▸ Your instructions
Will you output all of the data below exactly, omitting the images?

*** Opening Supplied material ***

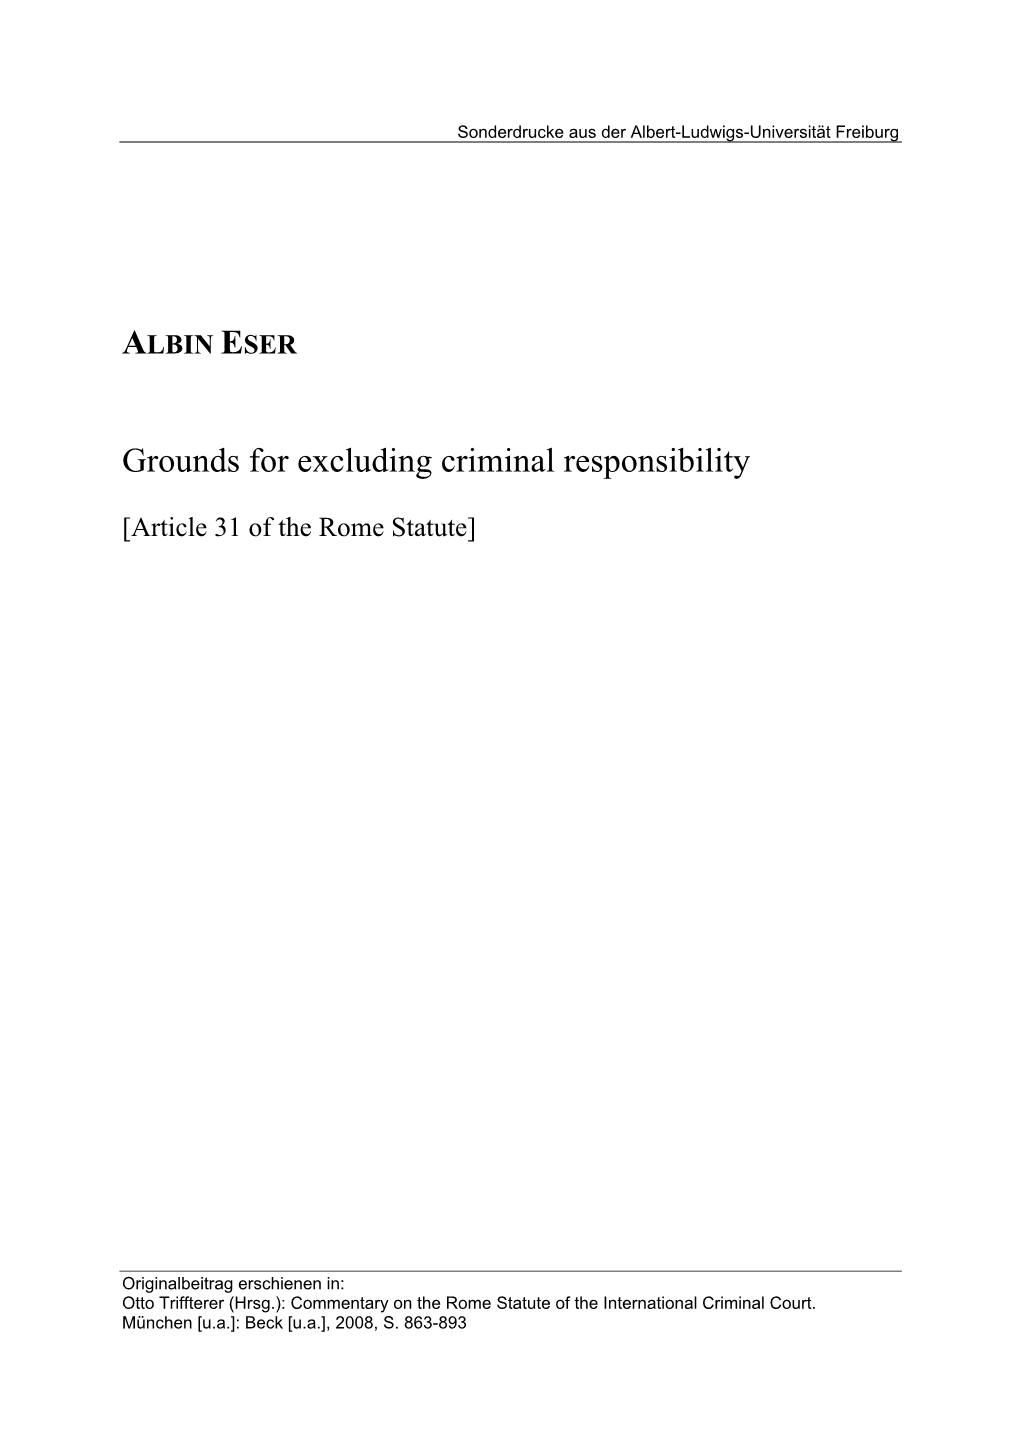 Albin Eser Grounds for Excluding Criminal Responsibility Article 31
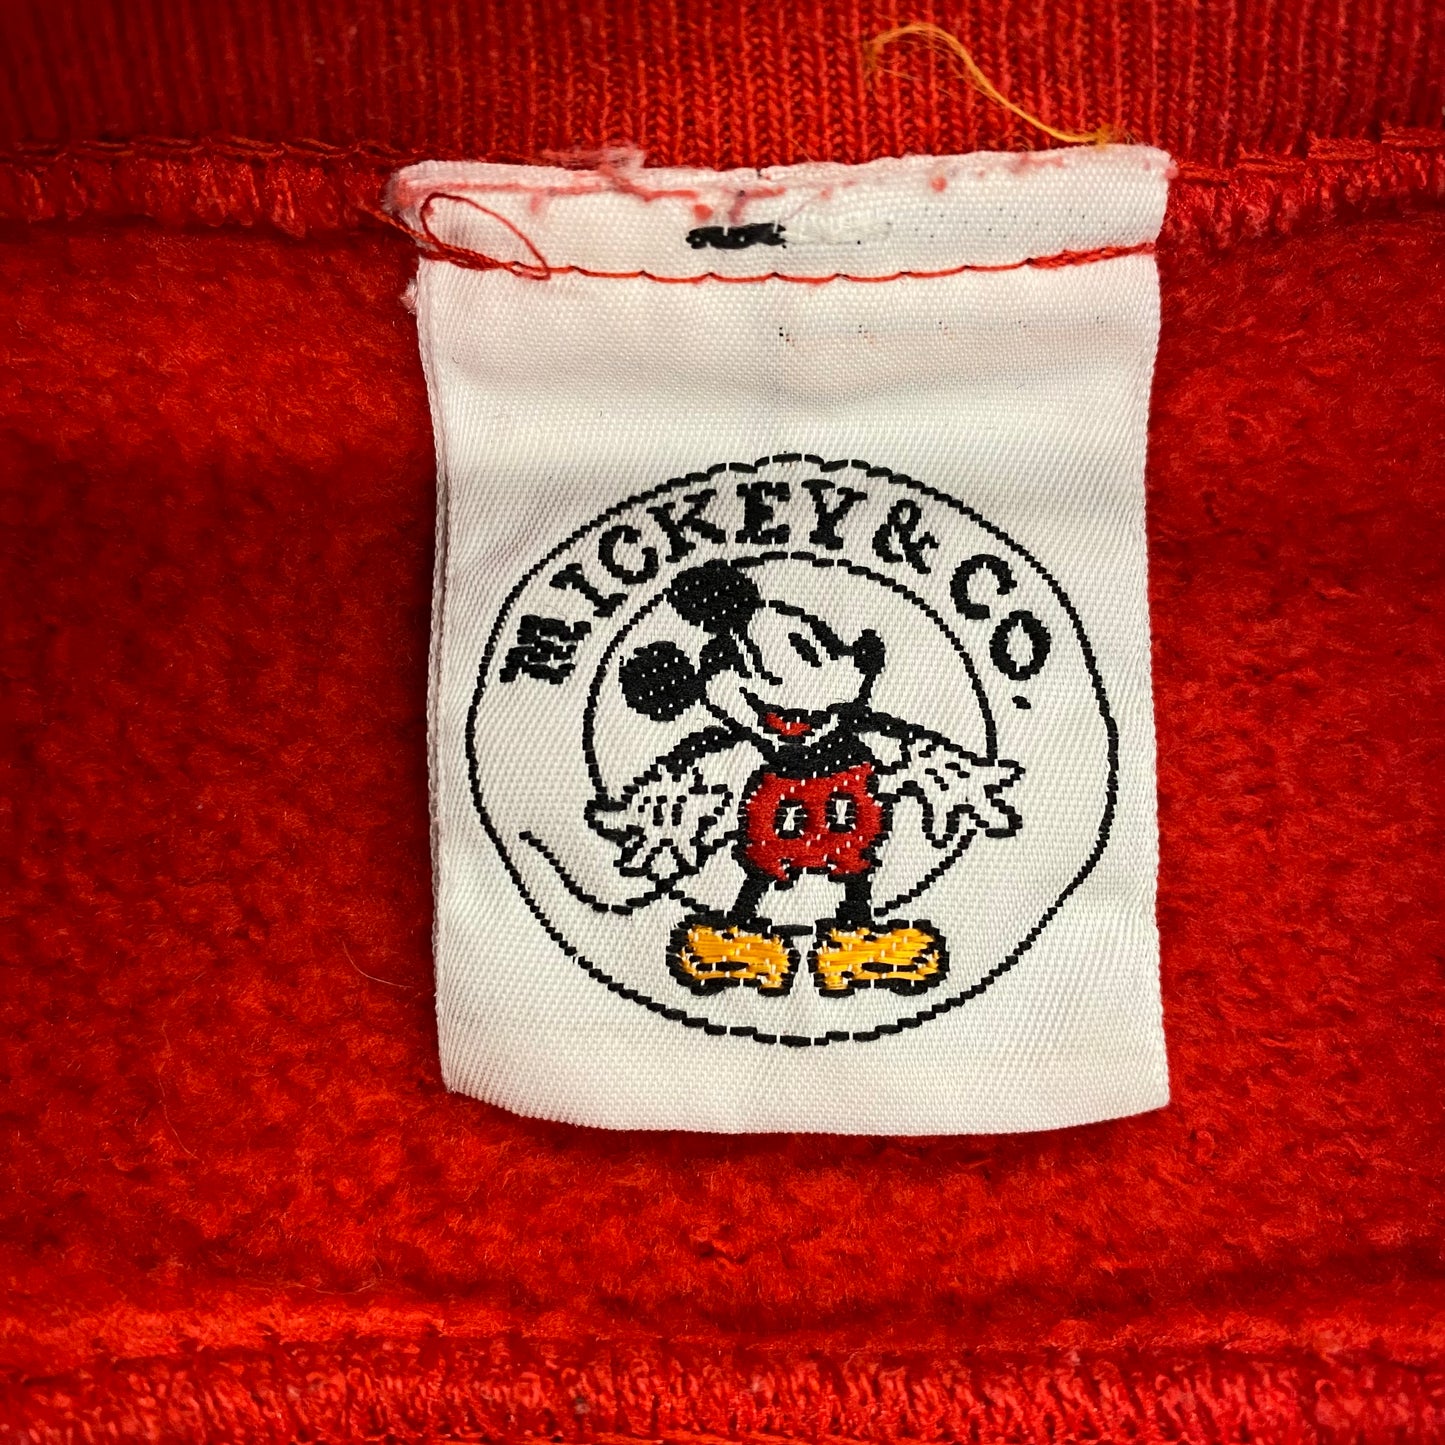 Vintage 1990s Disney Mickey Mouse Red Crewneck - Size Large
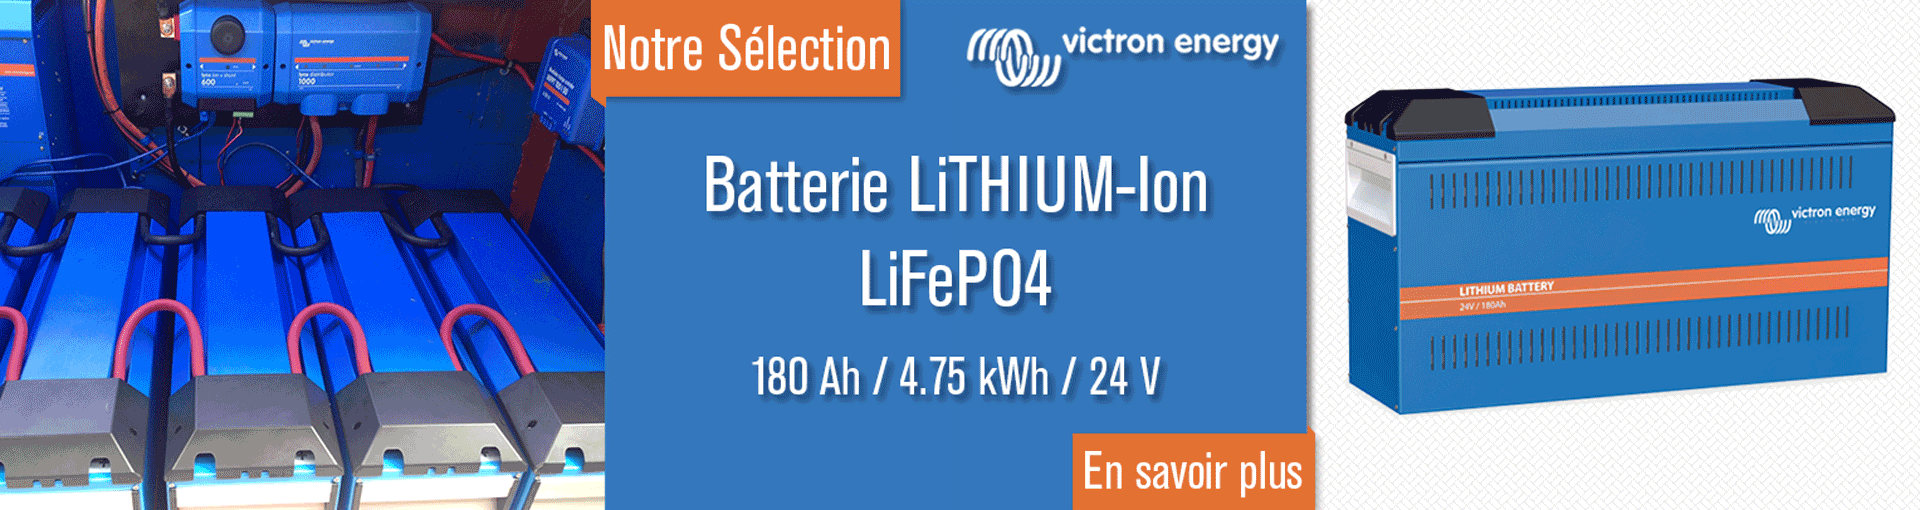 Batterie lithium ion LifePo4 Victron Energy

*** Closing Supplied material ***

▸ Solution to this exercise
 Albin Eser Grounds for Excluding Criminal Responsibility Article 31
 Vintage 1990s Disney Mickey Mouse Red Crewneck - Size Large
 Batterie lithium ion LifePo4 Victron Energy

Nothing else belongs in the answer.